**Task goal:**
Beginning at the line containing "Signature Design Kincord" in the material below and ending at the line containing "High Court, Chandigarh", return each line exactly and add nothing.

**Dataset extract:**
/---

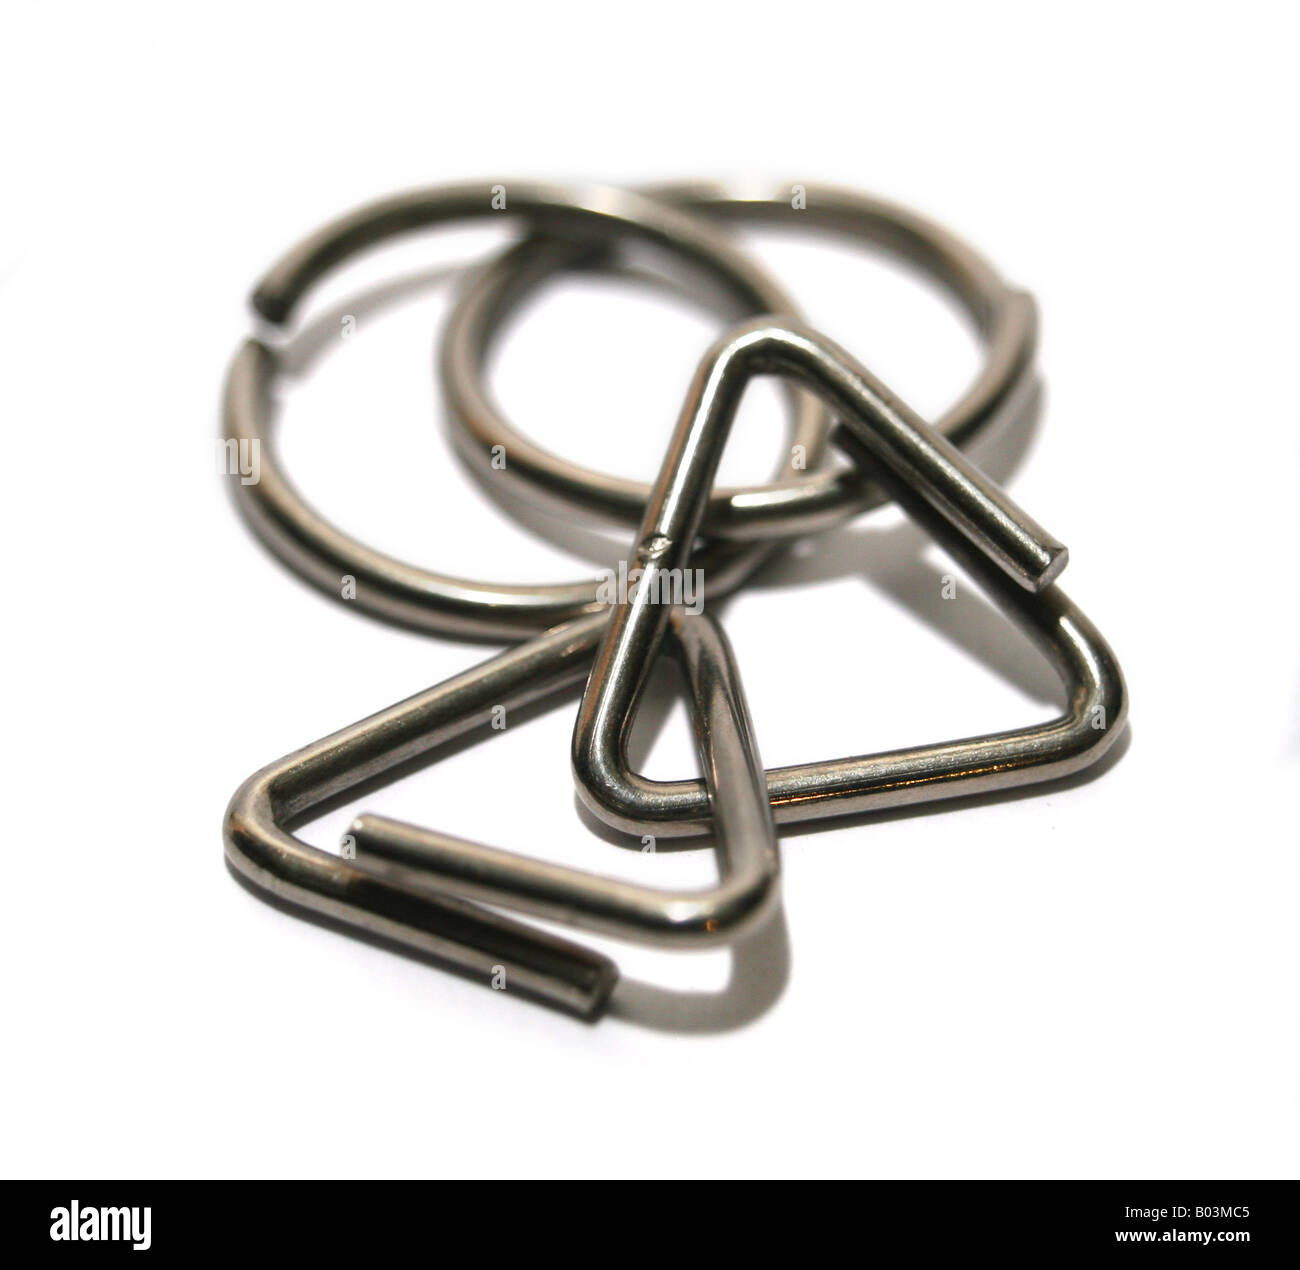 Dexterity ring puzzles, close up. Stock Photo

\---
/---

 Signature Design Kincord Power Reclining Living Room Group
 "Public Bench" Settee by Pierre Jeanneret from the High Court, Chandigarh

\---

**Expected answer:**
 Signature Design Kincord Power Reclining Living Room Group
 "Public Bench" Settee by Pierre Jeanneret from the High Court, Chandigarh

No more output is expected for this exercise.